Les salariés soutiennent sans être efficacement contredits par l’employeur qu’ils ont continué à travailler dans les mêmes conditions après janvier 2016, soit a minima à hauteur de 38 heures 30, en l’absence de toute modification de la charge de travail et de toute information à ce sujet fournie aux clients.
Ils se prévalent en ce sens du contenu du rapport d’expertise Syndex de mars 2016, qui révèle que « pour la majorité des salariés, les clients ne sont pas prêts à accepter 35 h ni 36h30 hebdomadaires, quand leurs propres équipes travaillent 38h30 et/ou sont au forfait jour », que « des salariés se trouvent de ce fait dans une position complexe, puisque s’ils respectent stricto sensu les modalités horaires de leur contrat de travail en modalité 1 depuis janvier 2016, ils devraient justifier de leur temps de travail face à un client à qui il a été vendu une prestation sans évaluation fine de la charge de travail » et que « les salariés qui ont tenté de se rapprocher au mieux des 35h après le passage en modalité 1 ont constaté les difficultés voire l’impossibilité d’y parvenir (« J’ai essayé de réduire mon temps de travail mais j’ai été rattrapé par la réalité, 36h30 C’est incompatible avec la demande du client, quel que soit l’accord, je ferai toujours 40h »).
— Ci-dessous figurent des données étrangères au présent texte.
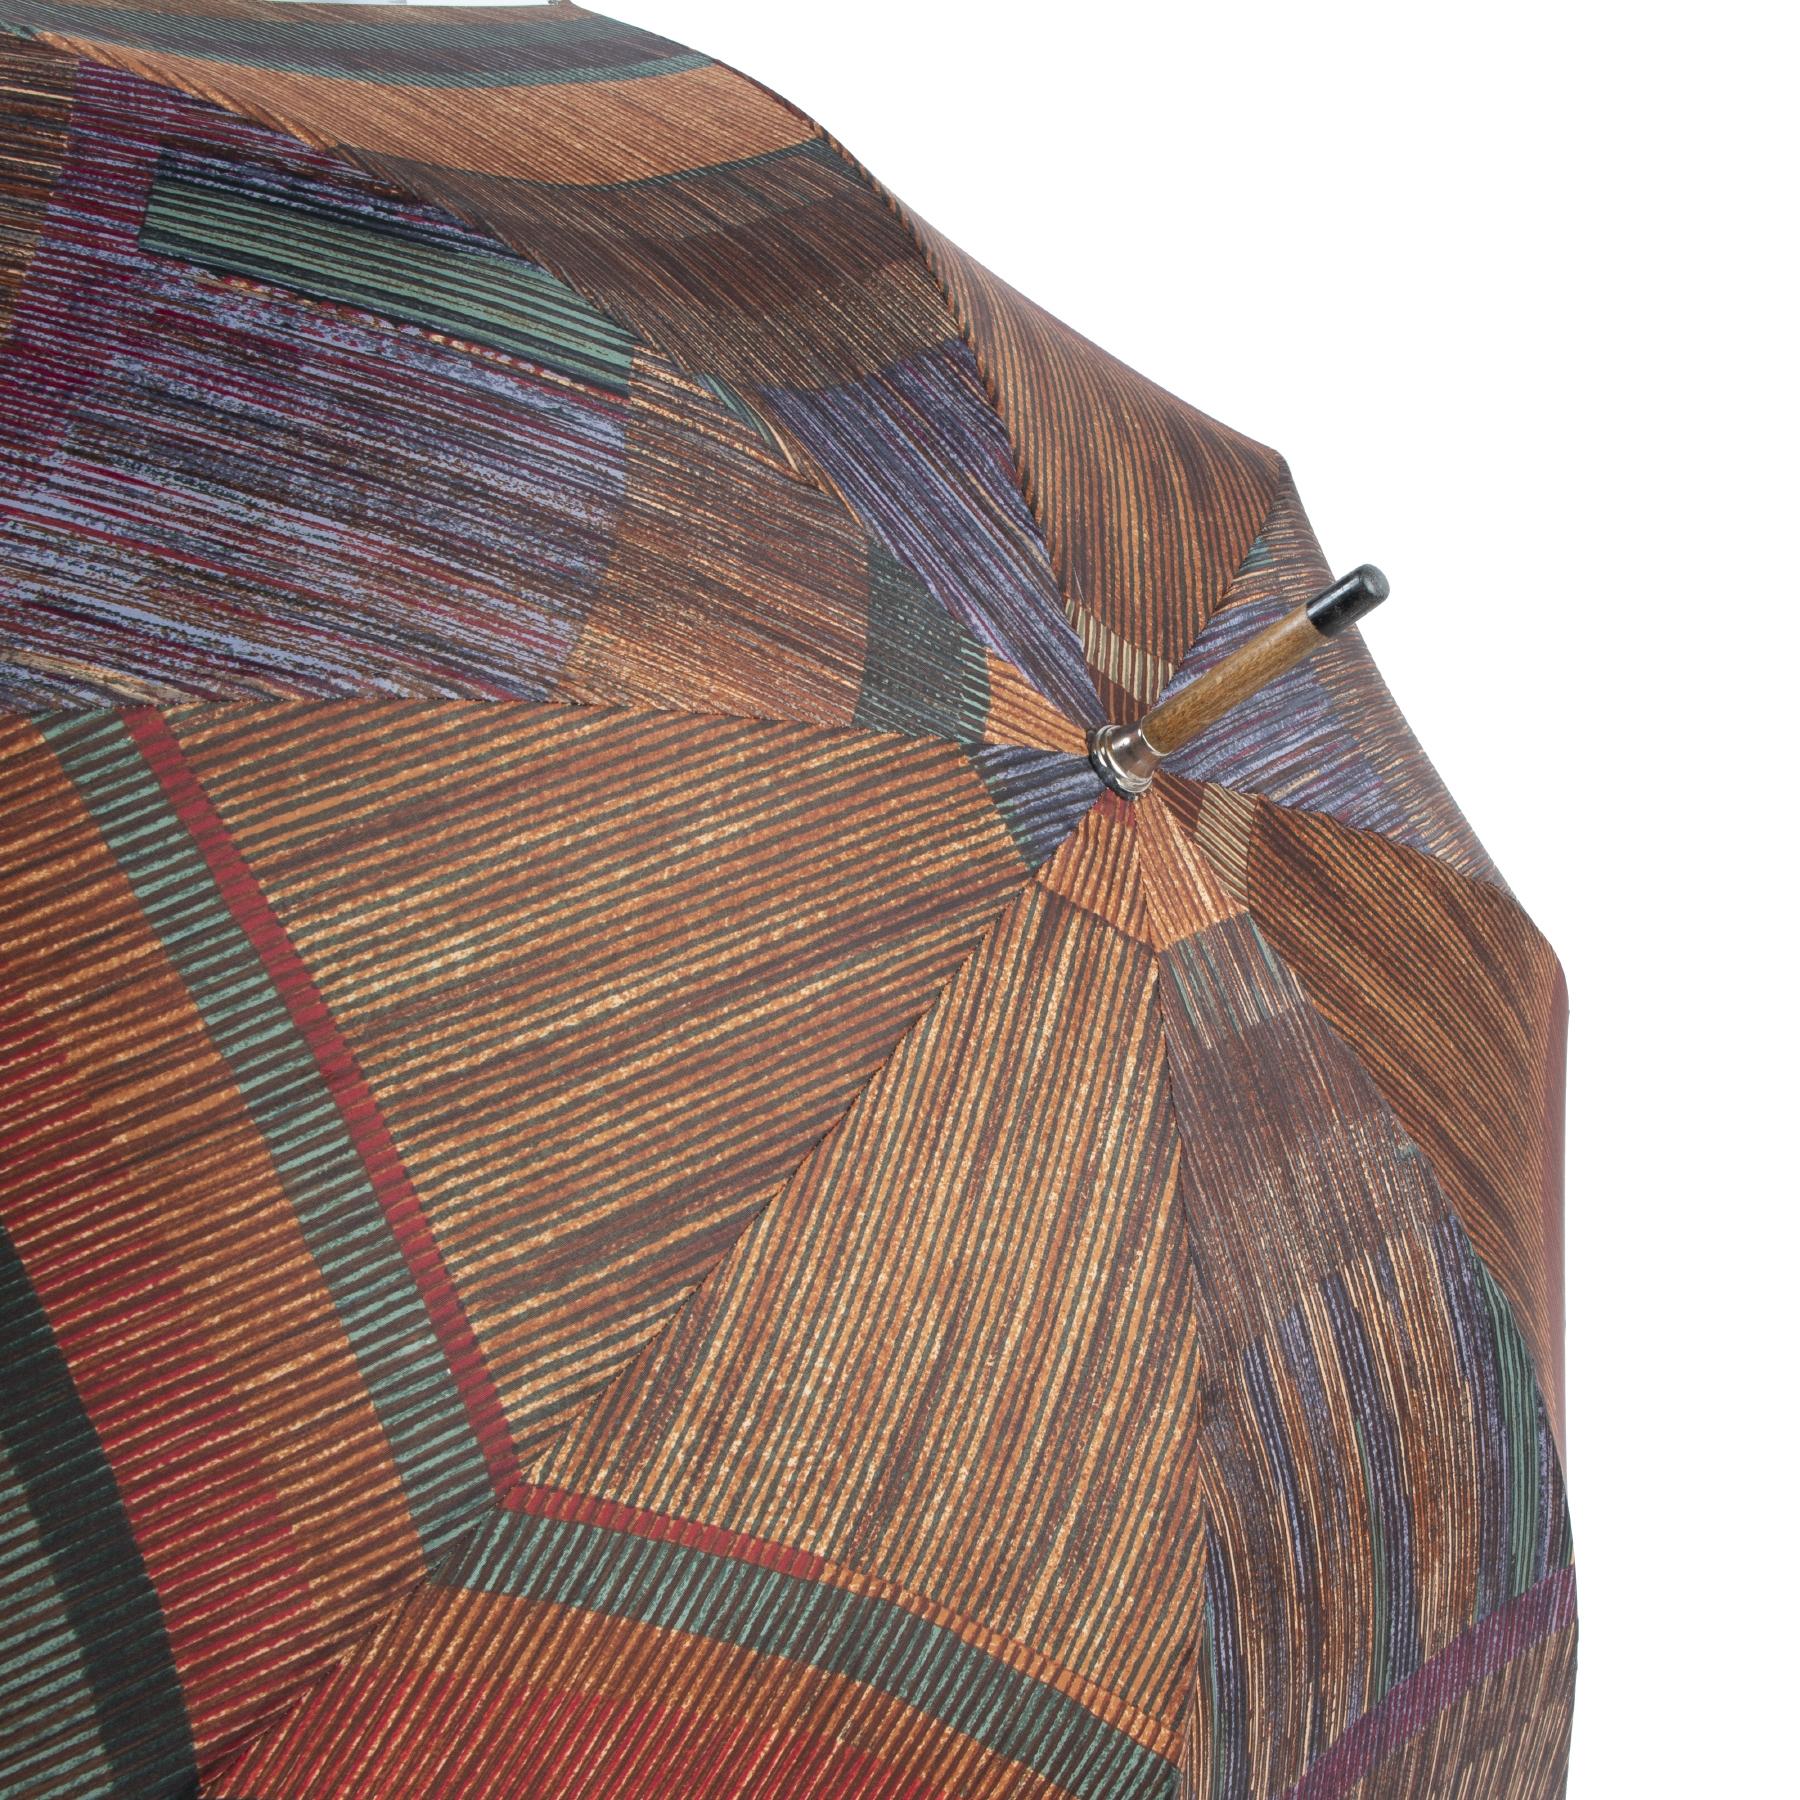 Mizuno Ami Car Reverse Umbrella With C-Shaped Handle UV Protection Inverted Folding Umbrellas Windproof And Rainproof Double Folding Inverted Umbrella

Ce rapport explique que les exigences sont différentes selon que les salariés travaillent en clientèle ou dans les locaux d’Altran technologies, et que « travailler chez le client signifie’se plier aux contraintes horaires et à l’organisation de celui-ci. Le questionnaire (Q94 ‘ correspondant au suivi du temps de travail -) révèle que pour 55 % des consultants, les horaires de travail sont fixés par les clients. Dans la grande majorité des cas, ceux-ci emploient leurs cadres au forfait’ ».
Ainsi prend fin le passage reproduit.